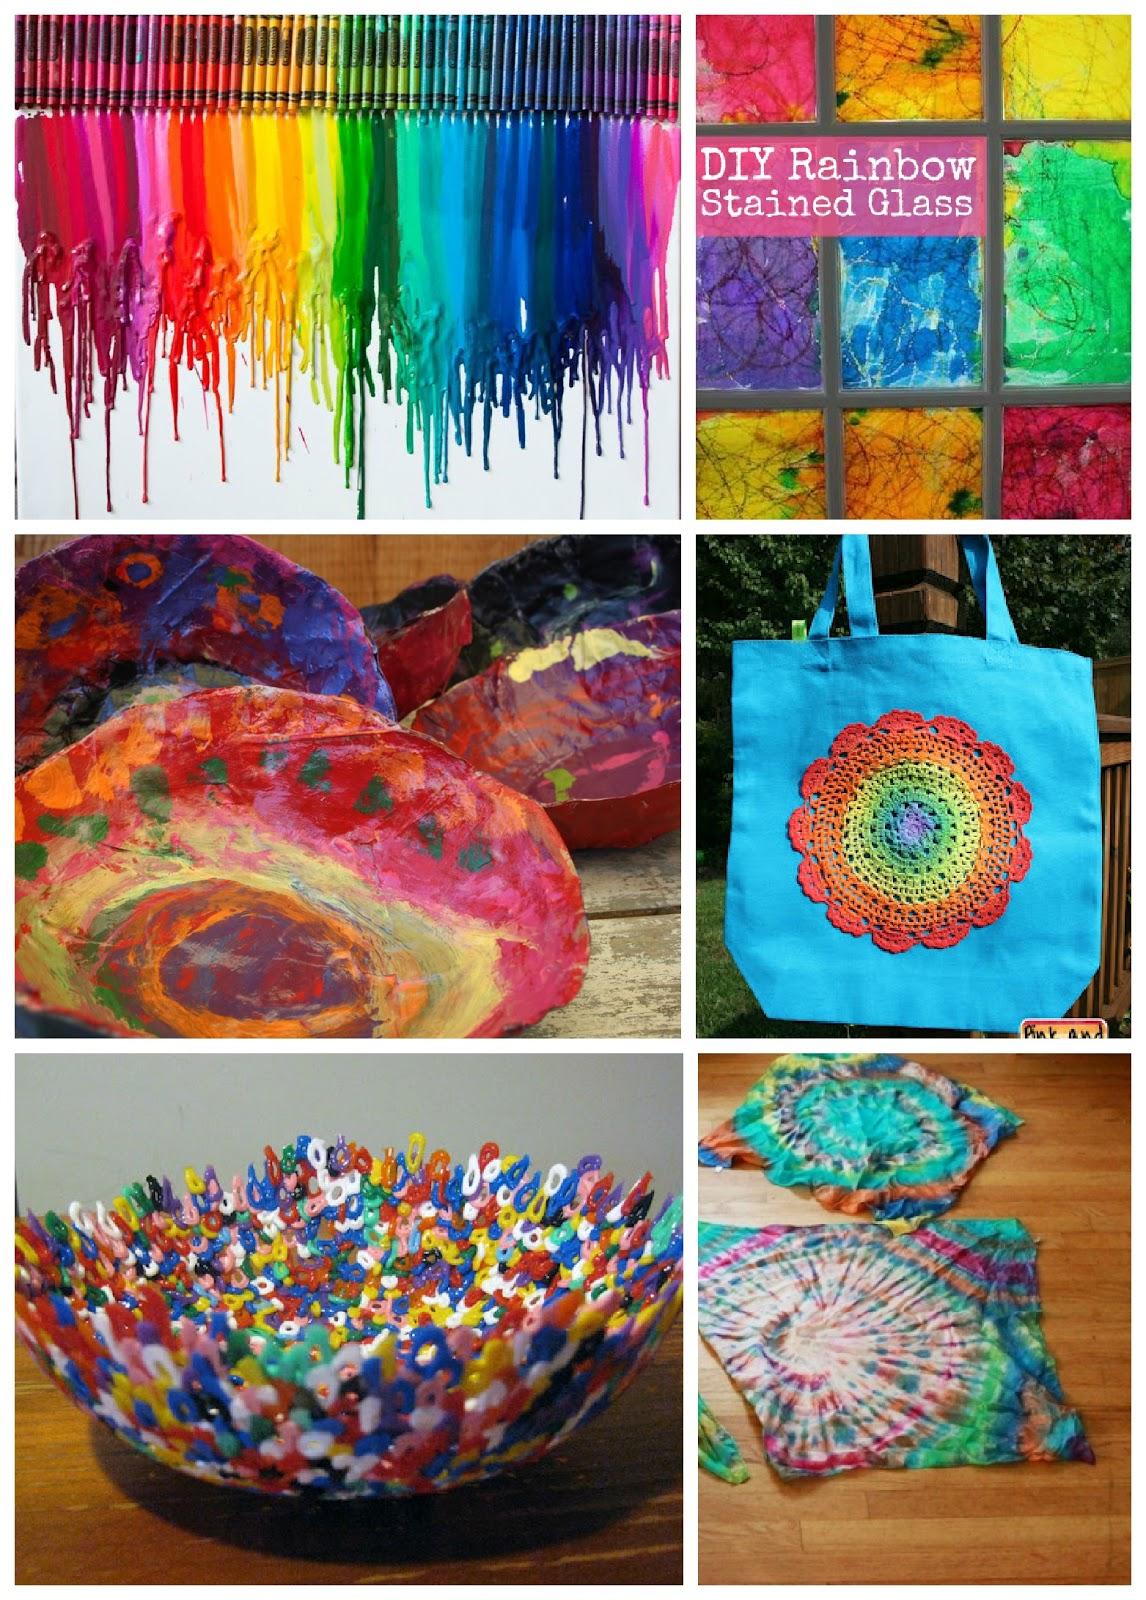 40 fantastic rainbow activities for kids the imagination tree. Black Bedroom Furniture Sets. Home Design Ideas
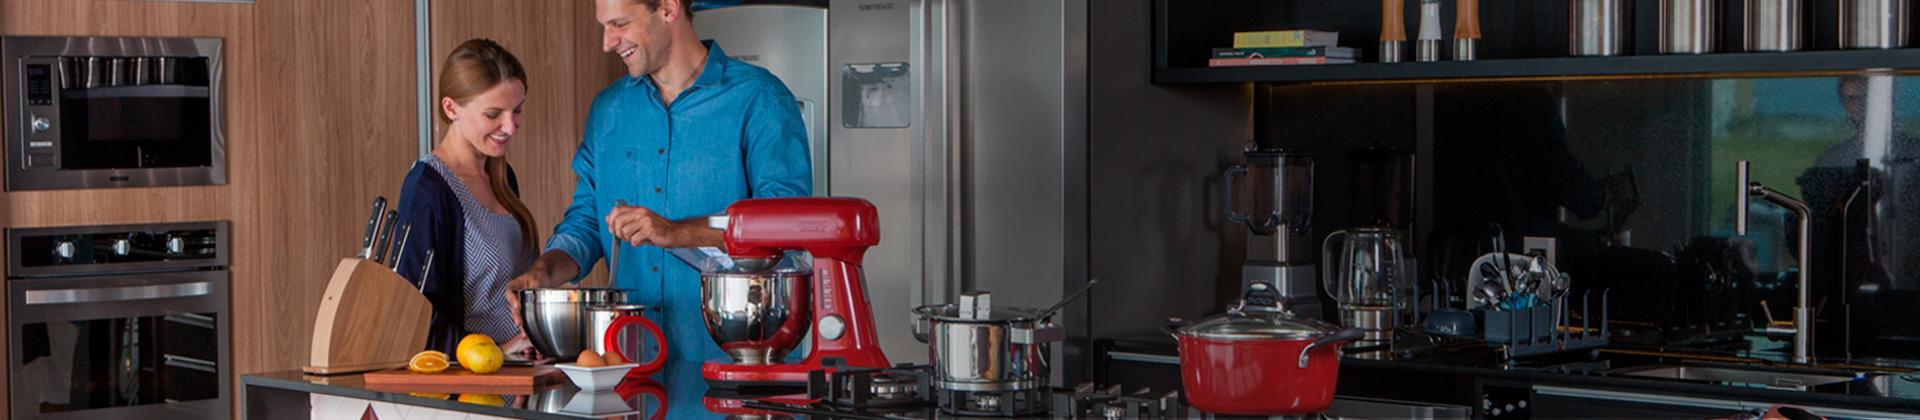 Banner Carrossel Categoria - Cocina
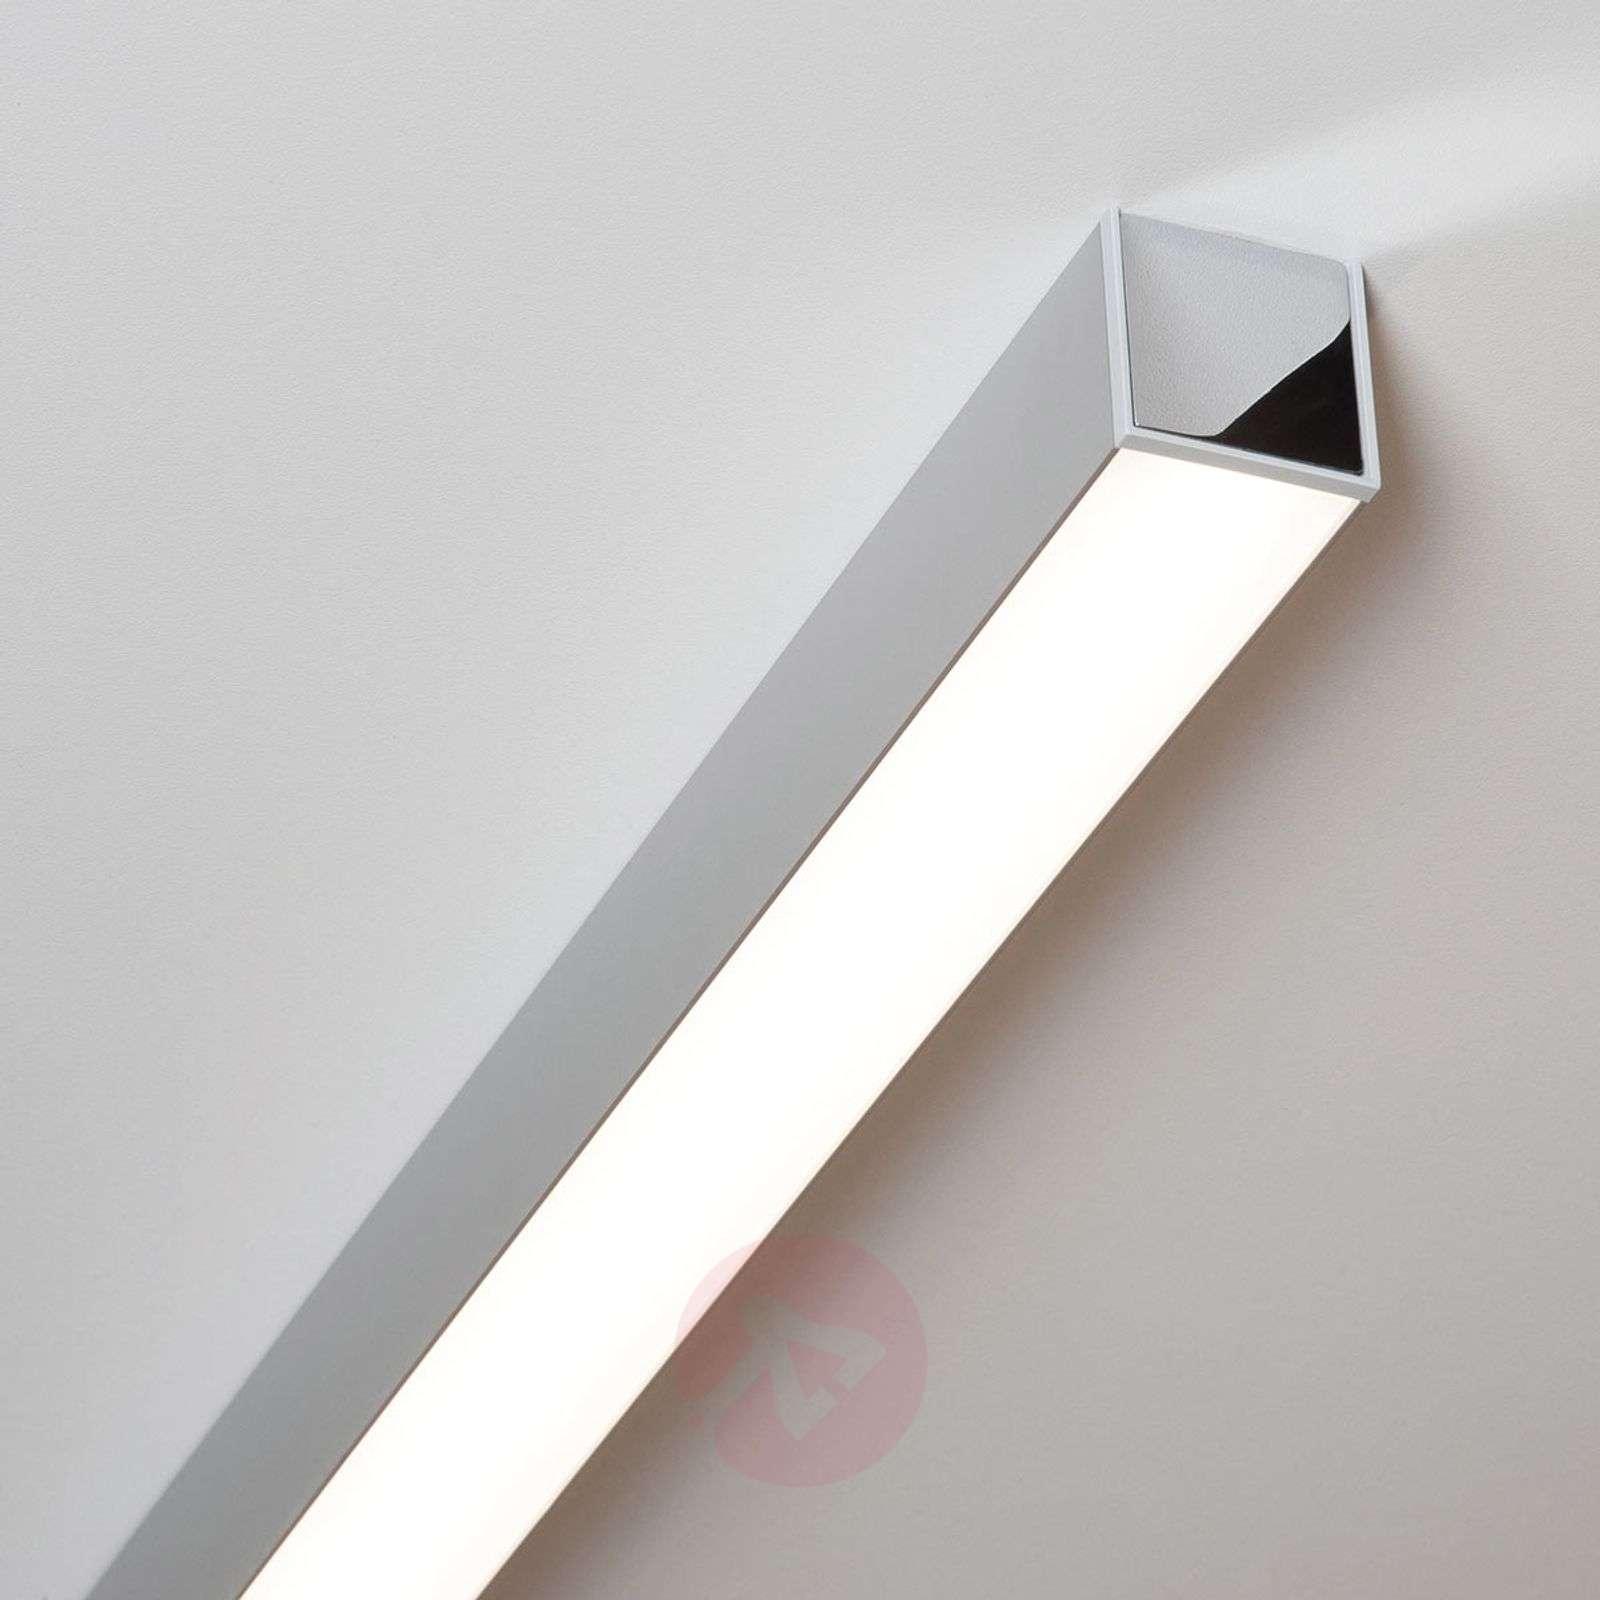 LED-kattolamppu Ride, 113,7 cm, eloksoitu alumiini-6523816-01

> [What you should do] Pictures do not belong in the copy. Repeat exactly each line from the one with "Banner Carrossel Categoria - Cocina" through the end of the listing.

> [Answer for this exercise]
 Banner Carrossel Categoria - Cocina
 LED-kattolamppu Ride, 113,7 cm, eloksoitu alumiini-6523816-01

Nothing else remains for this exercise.